The decision was a significant setback for the FCC, the White House and Republican congressional leadership, all of which backed the ownership rules. The FCC began writing the regulations in 2002 and must now either write new ones or appeal yesterday's the decision to the Supreme Court.
In the meantime media acquisitions brought before the FCC will be subject to existing rules. But there is no FCC rule limiting the purchase of local television stations, and radio companies are free again to buy more stations. The rules sent back yesterday would have limited both.
"Today's decision perversely may make it dramatically more difficult for the commission to protect against greater media consolidation," FCC Chairman Michael K. Powell said in a written statement.
Critics of the proposed FCC rules said some were too lax and would allow media giants such as Viacom Inc. and NBC Universal to grow too large and wield too much influence.

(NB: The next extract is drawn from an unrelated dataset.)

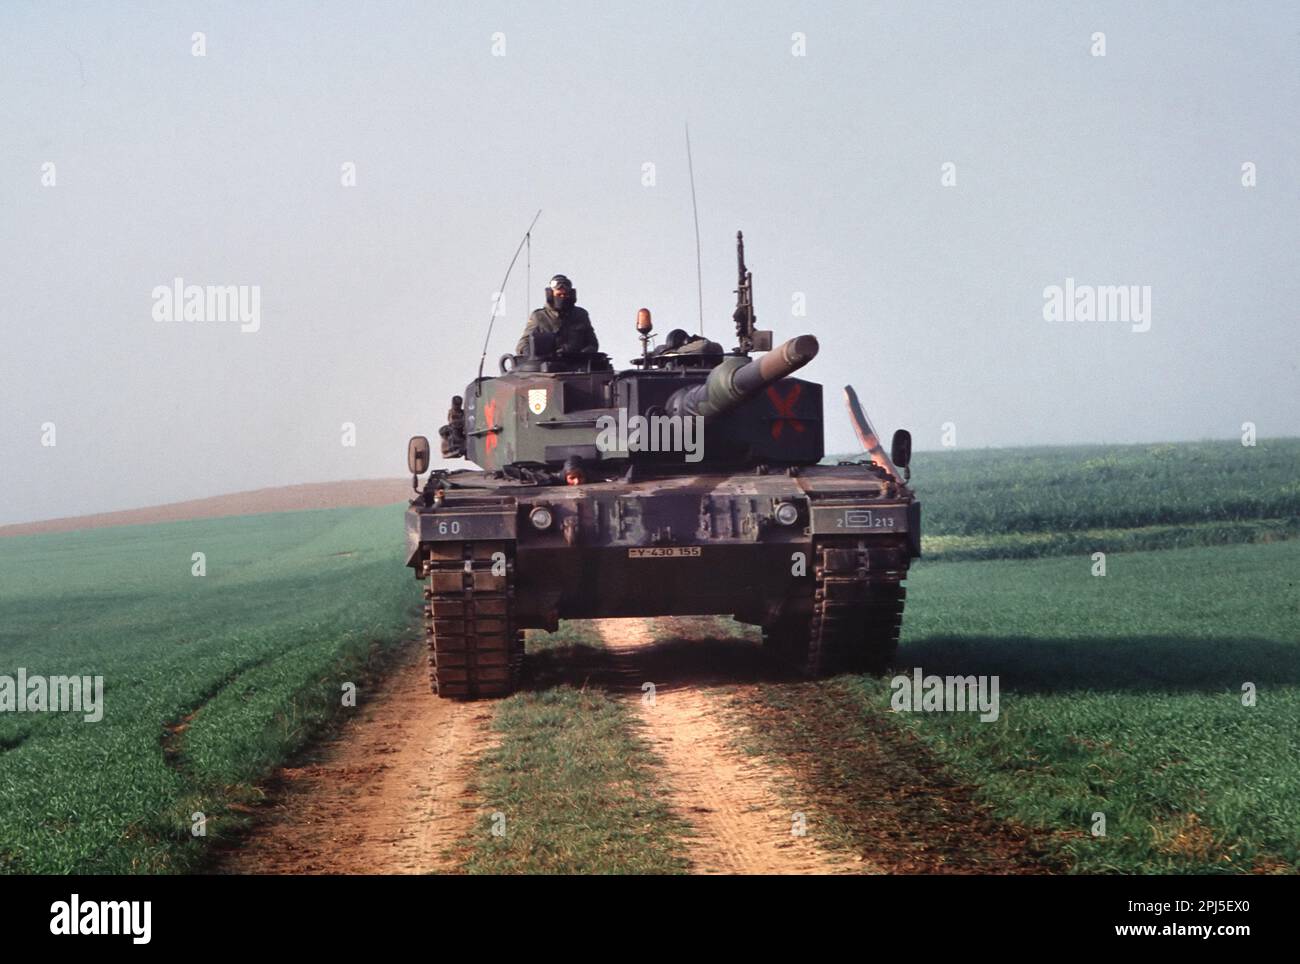 Panzer der deutschen Armee Leopard 2 während NATO-Übungen in Deutschland - Carro armato Leopard 2 dell'Esercito Tedesco durante esercitazioni NATO in Germanien Stockfoto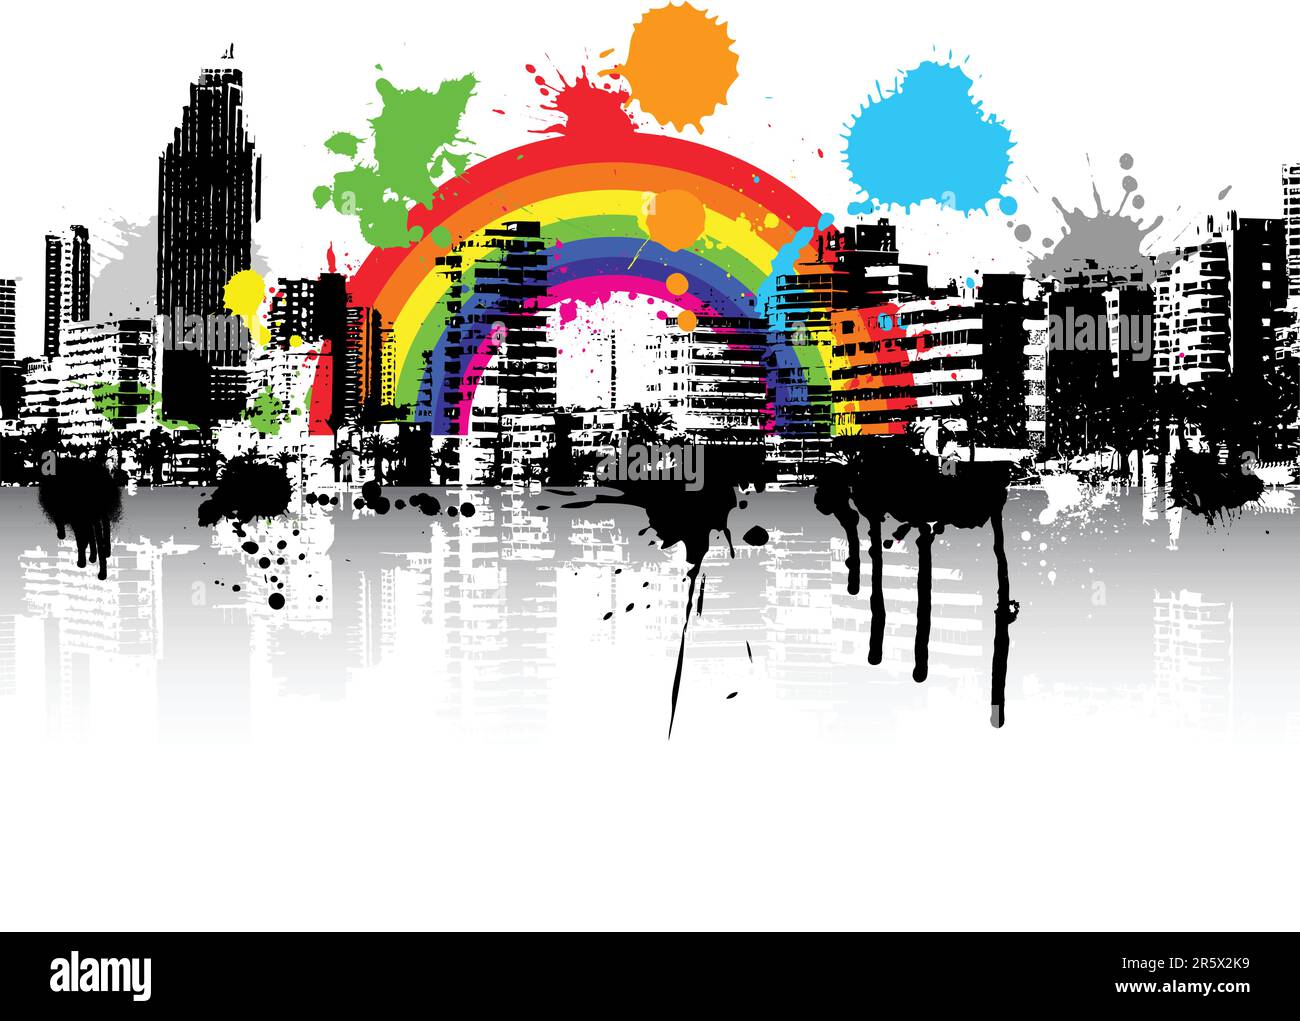 Style abstrait arrière-plan de la scène grunge urbain avec rainbow Illustration de Vecteur

The FCC argued that the new rules set reasonable, contemporary caps on ownership in an era when the public has access to more forms of communications, including the Internet and cable and satellite television, than when the existing regulations were drawn up decades ago.
Yesterday, the U.S. Court of Appeals for the 3rd Circuit, in Philadelphia, agreed with many of the FCC's premises but said the agency "falls short of its obligation to justify its decisions to retain, repeal, or modify its media ownership regulations with reasoned analysis."
At issue was the FCC's reliance on something called the "diversity index," which sought to ascribe values to the impact various forms of media -- newspapers, radio and television stations, cable channels and the Internet -- have on consumers. But the court said the decisions made in setting the various values were "not rational."
As a result, the court sent back proposed FCC rules determining how many newspapers, local television and radio stations a company can own and ordered that they be rewritten. Media mergers brought before the FCC in the interim may be subject to existing rules or the FCC may choose not to act on them, forcing companies to ask the courts to rule on proposed purchases because they involve the transfer of broadcast licenses.
The ruling is a particularly harsh blow to Powell, who had seen past media ownership rules tossed out by courts for being based on flimsy data and reasoning. Powell, a former Justice Department antitrust lawyer, argued that his rules were backed up by empirical data and thorough analysis.
"This is the second time a court has put aside exhaustive efforts by the expert agency to set numerical limits," said Powell, who, working with FCC media bureau chief W. Kenneth Ferree, was the chief architect of the new rules. "This has created a clouded and confused state of media law."